Wie im Sanatorium von „The Lobster“ wird die rationale Welt der Medizin mit einer Tür zum Irrealen konfrontiert. Als es dem Jungen nicht gelingt, den freundlichen Arzt mit seiner Mutter zu verkuppeln, erpresst er ihn mit einem Fluch: Sollte er sich nicht entschließen, wahlweise eines seiner beiden Kinder oder die von Nicole Kidman gespielte Ehefrau zu töten, würden alle eines Todes sterben, der sich schleichend ankündigt: Die Kinder bekommen – medizinisch unerklärlich – schon einmal gelähmte Beine.

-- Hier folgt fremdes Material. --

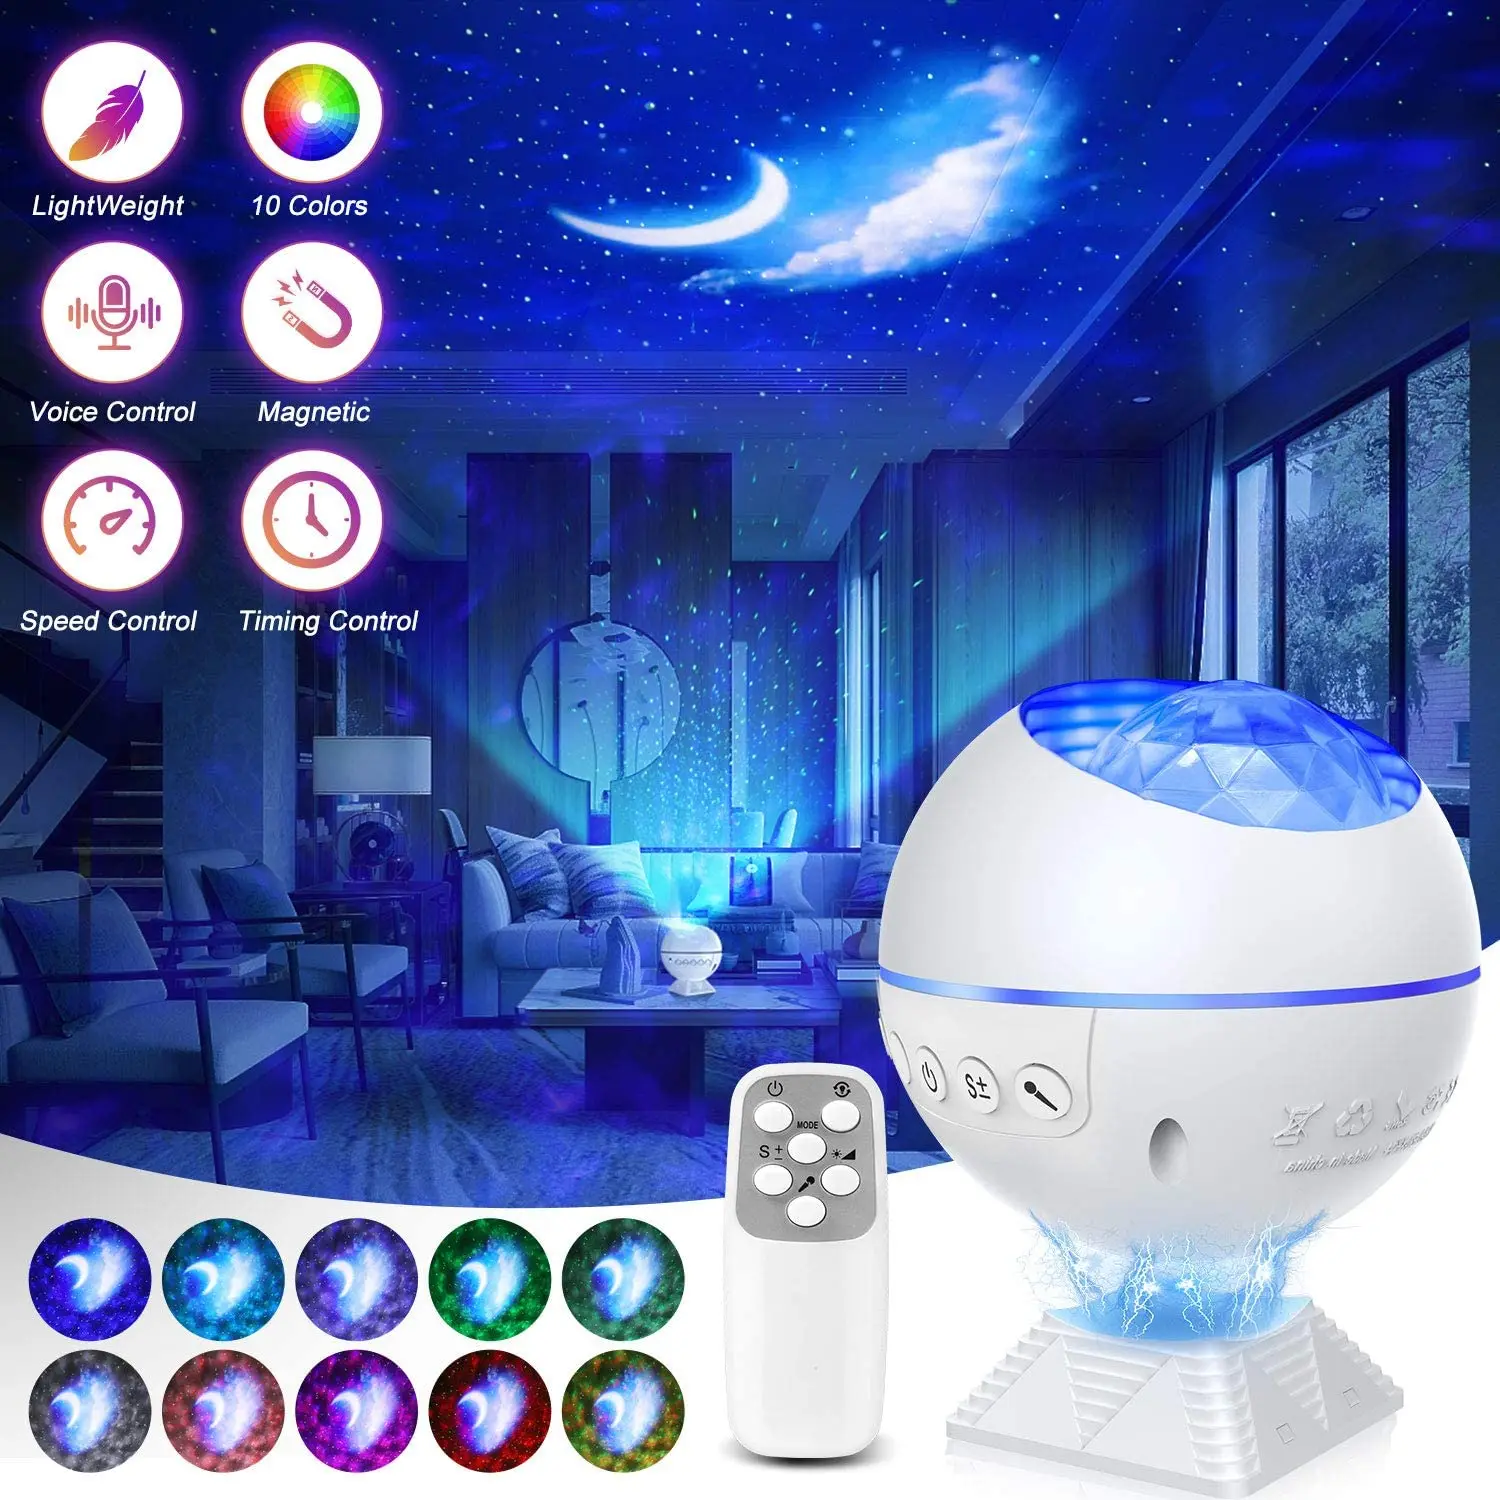 Star Galaxy Projector Light LED Laser Projector Disco Ball Lights Moon Cloud Bedroom Starry Sky Night Light with Remote Control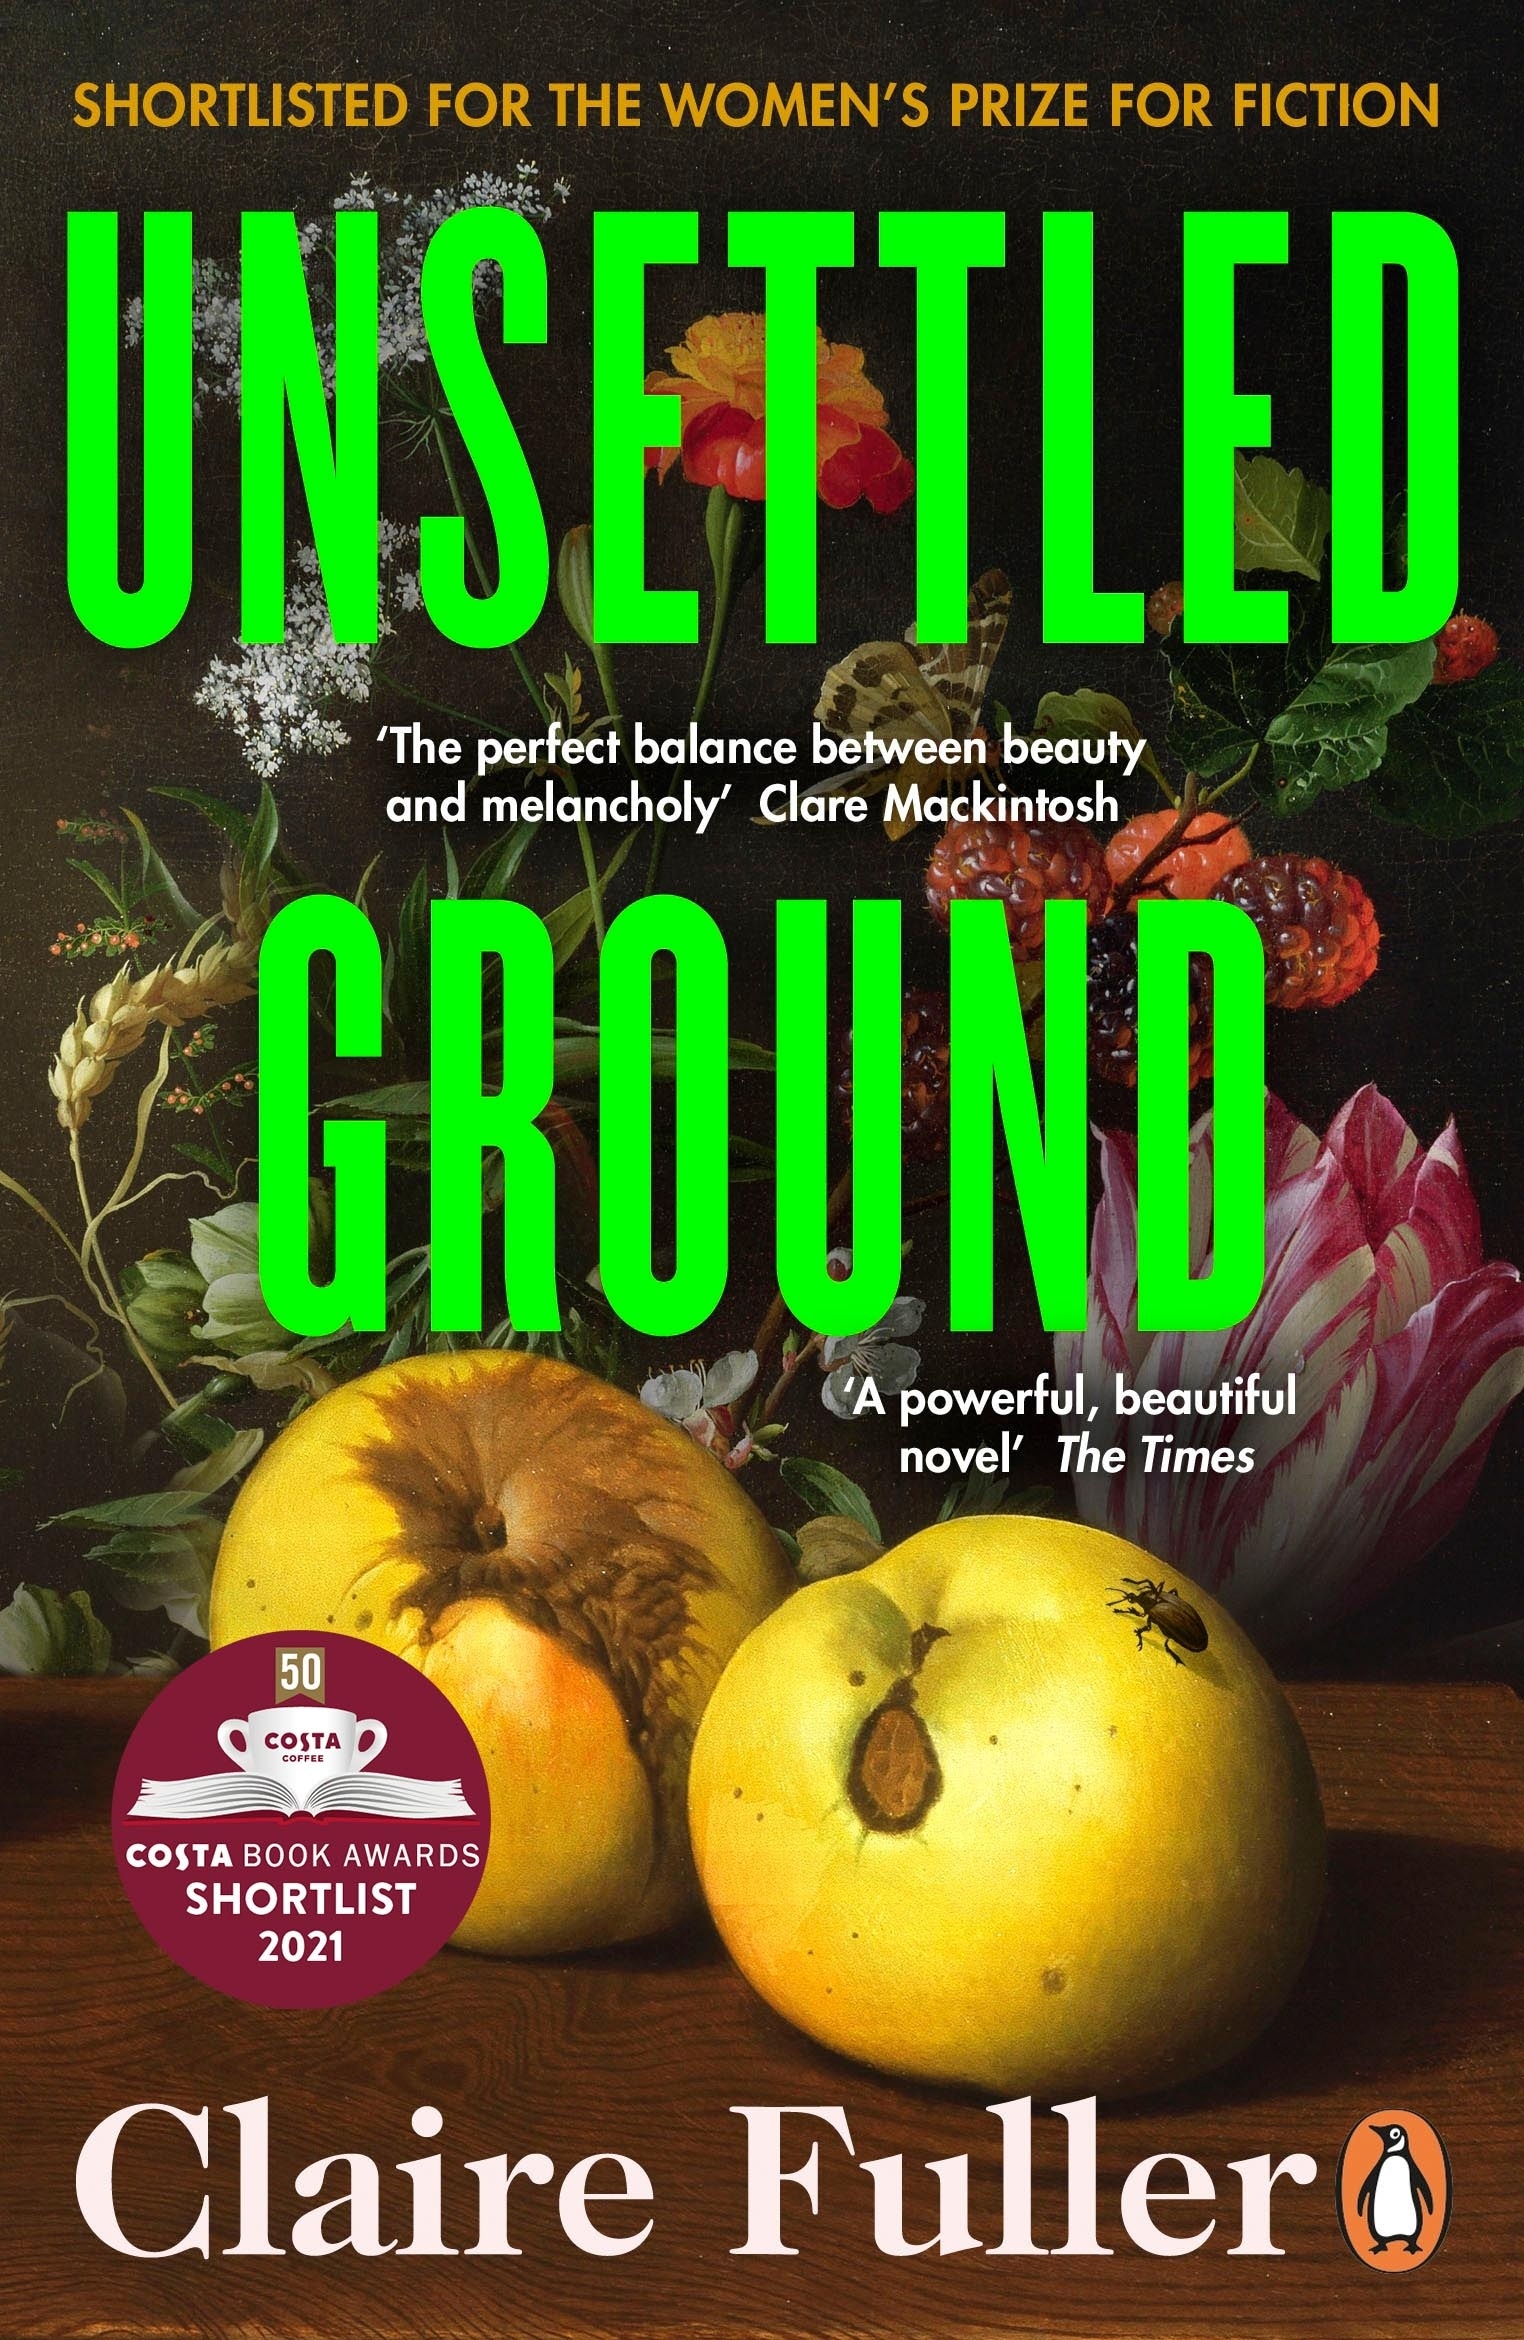 Book “Unsettled Ground” by Claire Fuller — January 13, 2022

Es ist eine Spezialität der Coen-Brüder, die Lanthimos hier zubereiten möchte: einen rabenschwarzen Thriller mit mythologischen Motiven: Der Titel bezieht sich auf Iphigenie, die der Sage nach von ihrem Vater Agamemnon der zornigen Göttin Artemis als Opfergabe angeboten wurde. Doch in seiner Unaufgeregtheit ist der böse Junge wohl noch bedrohlicher als jede Gottheit. Entfernt erinnert er an Damien, den schwarzhaarigen Rotzbengel aus dem Gruselklassiker „Das Omen“. Gleichwohl wirkt die Filmfigur auch im Monströsen selber schutzbedürftig. Der Verlustschmerz ist bei allem Rachestreben sichtbar. Der bereits 25-jährige Barry Keoghan („Dunkirk“) wirkt in dieser Oscar-reifen Rolle auf gespenstische Weise alterslos.

Kritik an amerikanischen Werten

Wie stets bei Lanthimos agieren die Figuren nach einem dem Zuschauer verborgenen Regelwerk. Warum spricht Colin Farrell bis zu seinem späten Ausbruch mit einem so bemüht-emotionslosen Tonfall? Und was ist der Ursprung des merkwürdigen Schlafzimmerrituals mit seiner unterkühlten Ehefrau? Es ist ein überaus böser Film, soviel ist sicher, gerade weil er nicht zu erkennen gibt, worauf sich seine immanente Wut richtet. Ist es die vorgebliche Perfektion einer für die Oberschicht gebauten Privatklinik? Man kann Lanthimos ersten US-Film durchaus als Kritik an amerikanischen Werten verstehen. Die Kritik jedenfalls spaltete er dort zutiefst. Der Autor der renommierten „St. Louis Post-Dispatch“ nannte den Film bereits im Titel „moralisch abstoßend“ und schloss: „Das ist der Schlechte-Laune-Film des Jahres. Empfohlen für jemanden, den Sie hassen.“ Erstaunlich, welche Reaktionen Kunst doch hervorrufen kann.

„The Killing of a Sacred Deer“ erinnert an einen jener Alpträume, die wir noch beim Schlafen als solche entlarven. Erstaunlich nur, dass alle Figuren, die darin vorkommen, nichts davon ahnen. Und der erlösende Wecker bleibt gnadenlos stumm.

The Killing of a Sacred Deer. GB / Irland / USA 2017. Regie: Giorgos Lanthimos. 101 Minuten.